Top of The data
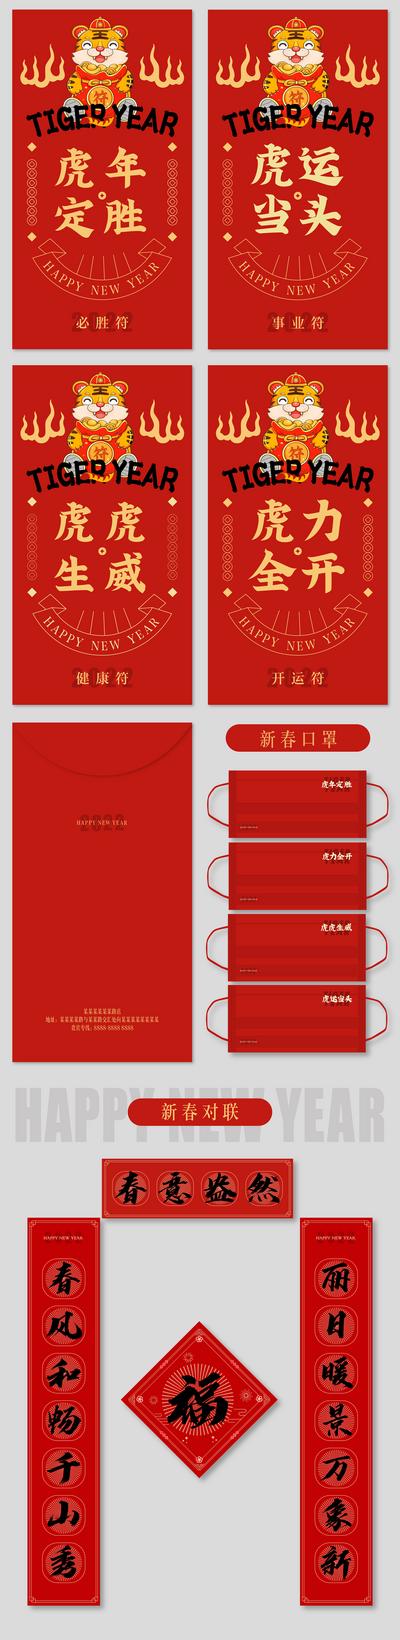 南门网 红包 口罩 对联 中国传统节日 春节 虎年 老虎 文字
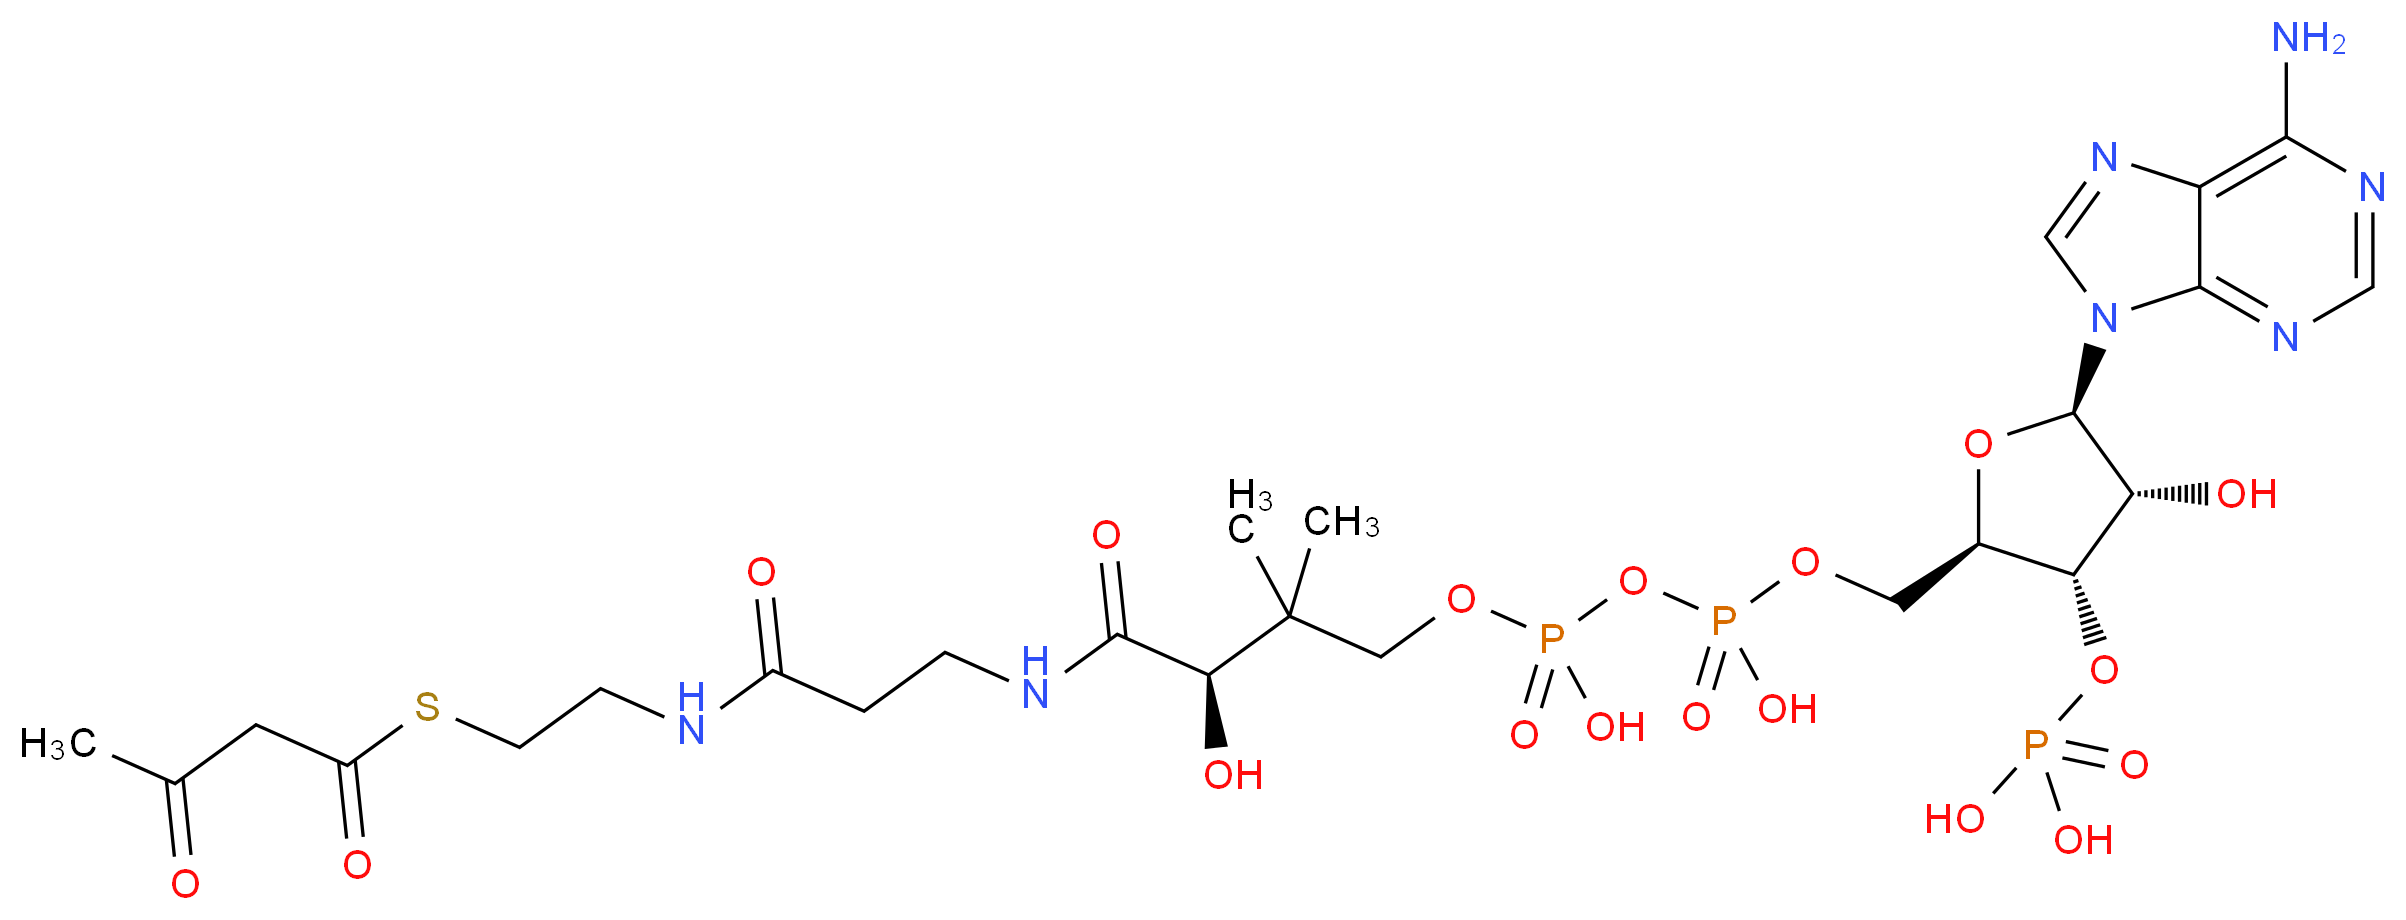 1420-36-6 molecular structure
Bottom of The data
Top of The data
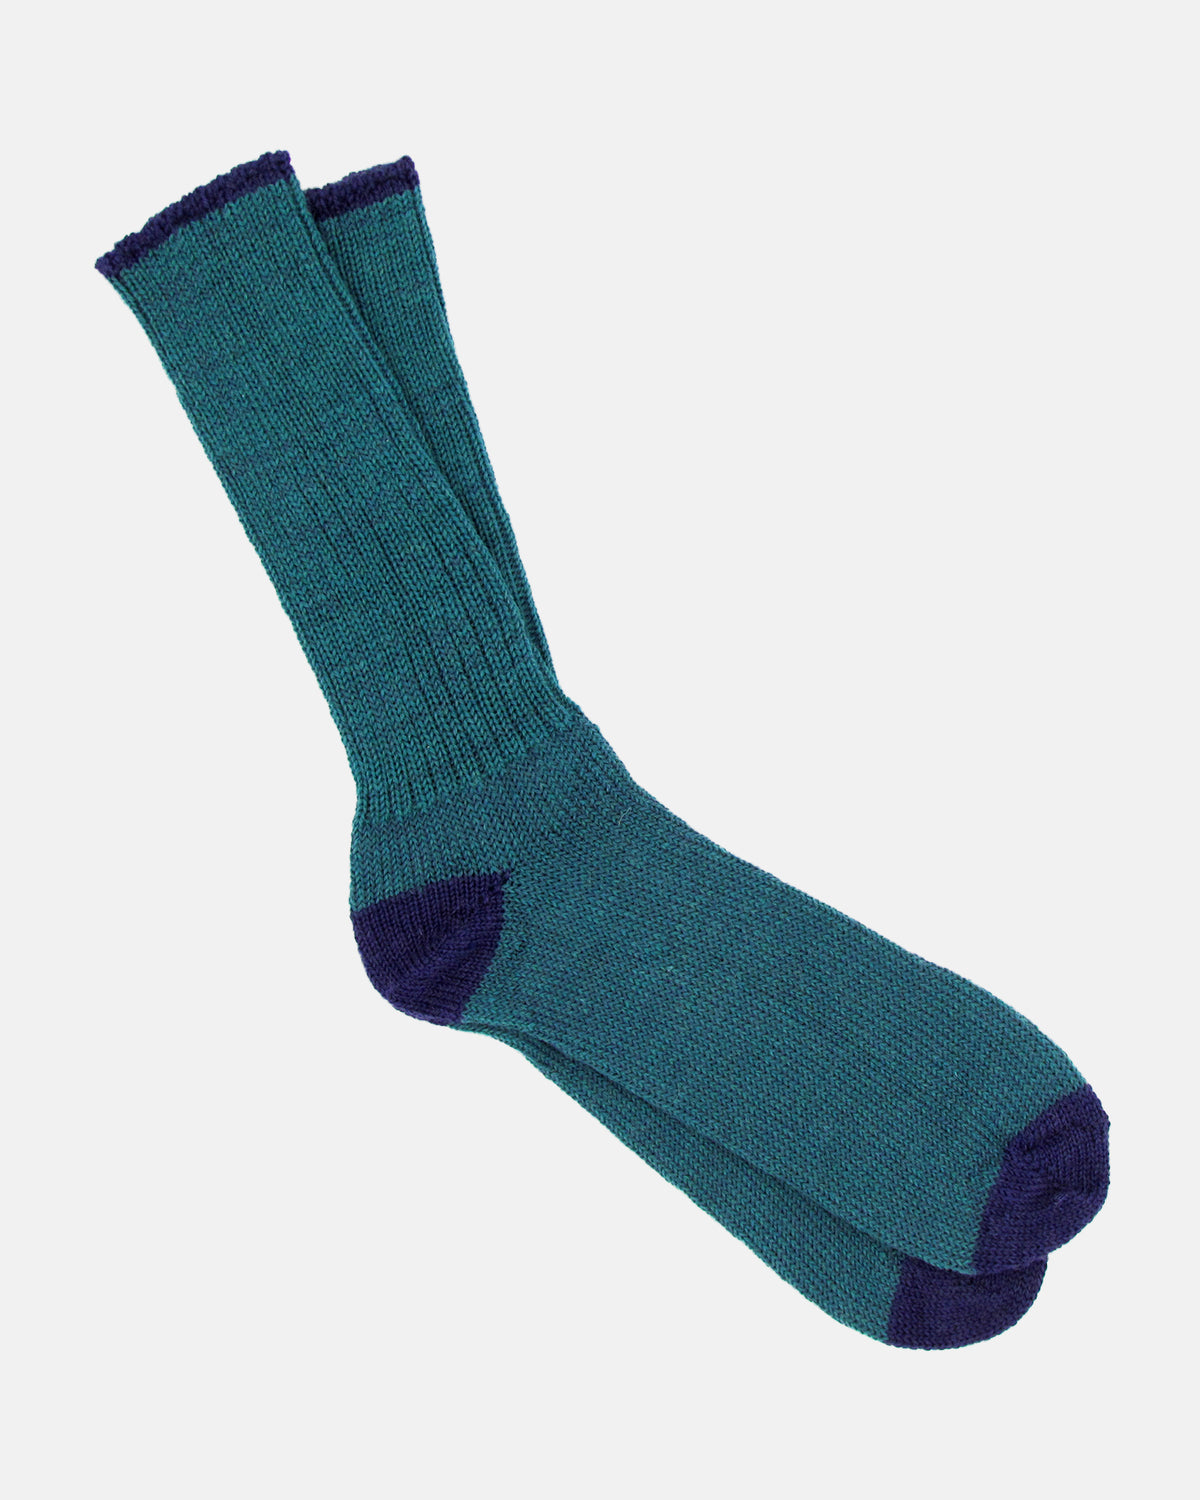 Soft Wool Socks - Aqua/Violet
Bottom of The data
**Task to carry out:** Output exactly the lines above, beginning at the one with "南门网 红包 口罩 对联 中国传统节日 春节 虎年 老虎 文字" and stopping after the one with "1420-36-6 molecular structure". Pictures are to be omitted.

**Task response:**
 南门网 红包 口罩 对联 中国传统节日 春节 虎年 老虎 文字
 1420-36-6 molecular structure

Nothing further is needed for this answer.